苏利耶一马当先,刀光如雪,所向披靡,率军一路冲杀,竟将包围王宫的叛军硬生生击退。

一直杀到了日光城中,与城中仍在抵抗的军队汇合,开始逐街逐巷地清剿残余叛军。

消息传到赫连铁树耳朵里,她得知王宫之围已解,日光城内正在反攻,顿时面如死灰,心知大势已去。

“首领!我们被包围了!快走吧!”

然而旁边的摩罗还在喋喋不休,撺掇她继续进攻。

“摩罗!都是你这奸贼害我!”

赫连铁树狂怒之下,回身一拳将摩罗打晕在地。“都这个时候了,谁还听你这丧门星的!”

她再无战意,向着来时方向溃逃而去,连那杆旌节都顾不上带了,遗落在乱军之中。



战斗渐渐平息。

夕阳的余晖染红了圣山白雪,也照亮了硝烟尚未散尽的战场。山谷内外,尸横遍地,血流漂橹。

士兵们忙着收拾战场,救治伤员,押解俘虏。

赵延玉站在山崖边,看着下方渐渐恢复秩序的城池,长长地松了一口气。

这一战,她赢了。用勇气、智慧和一点点运气,赢得了喘息之机。

“大人!您的旌节!”  一名士兵将那杆失而复得的旌节,双手捧到赵延玉面前。

赵延玉接过,紧紧握住。

……

赤喉国主力未损,赫连铁树虽败逃,但随时可能卷土重来。昏迷的国王苏伐迭利依然没有醒转的迹象,朝中群龙无首,人心浮动。而内奸摩罗虽已被俘,其党羽未必肃清。

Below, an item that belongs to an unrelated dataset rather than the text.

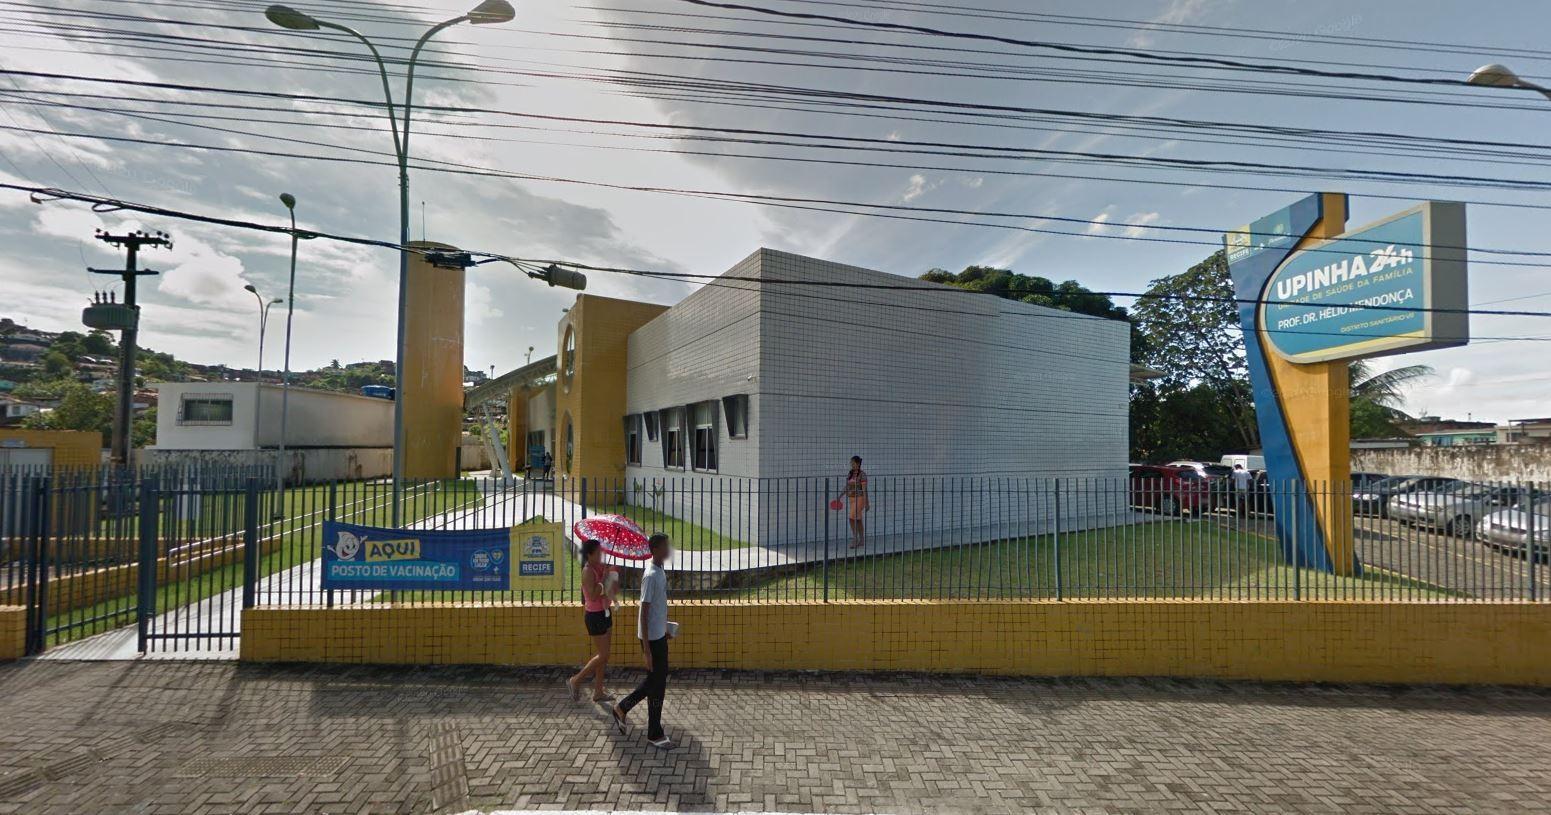 Unidades de saúde que só atendiam doentes com Covid-19 retomam funcionamento normal no Recife

赵延玉早已派人快马加鞭送出信物,只有月朝援军到来,届时琉音才算真正安全。

现在,她要做的就是坚持,不要倒下。

赵延玉强撑着精神继续处置军务,赫连铁树虽然逃了,但摩罗被俘虏,对她这个叛贼没什么好说,放在哪里叛国贼都是一个死。

不过赵延玉下令先将摩罗关押,严加审讯,榨出更多线索。此刻的她雷厉风行,成了此刻日光城实际的主心骨。

……

夜晚,赵延玉褪去染尘的衣服,肩头与小臂的擦伤已经清洗包扎,暂无大碍。就在这时,殿门被轻轻叩响。

“进来。”

门被推开,迦陵端着一个托盘走了进来。

“吃点东西。”  他将托盘放在赵延玉面前的案几上。烛光下,他的脸色似乎比平日更苍白了些,眼下有淡淡的青影。

赵延玉确实饿了,也没客气,道了声谢,拿起勺子。但手臂的酸痛让她动作有些僵硬,勺子碰到碗沿,发出轻微的磕碰声。

迦陵静静看了她一眼,忽然伸出手,从她手中拿过了勺子和碗。他动作自然,仿佛理所当然。

赵延玉一愣:“不必,我自己……”

迦陵没说话,只是用那双淡蓝色的眼眸凝视着她,表情没有半分松动。

他舀起一勺粥,轻轻吹了吹,然后递到她唇边。

他们也算是生死之交了,距离骤然之间被拉得很近。

她微微张口,就着他的手,吃下了那勺温热的粥。

迦陵就这样,一口一口,耐心而沉默地喂着她。殿内只剩下勺子轻碰碗沿的声音,和她轻微的吞咽声。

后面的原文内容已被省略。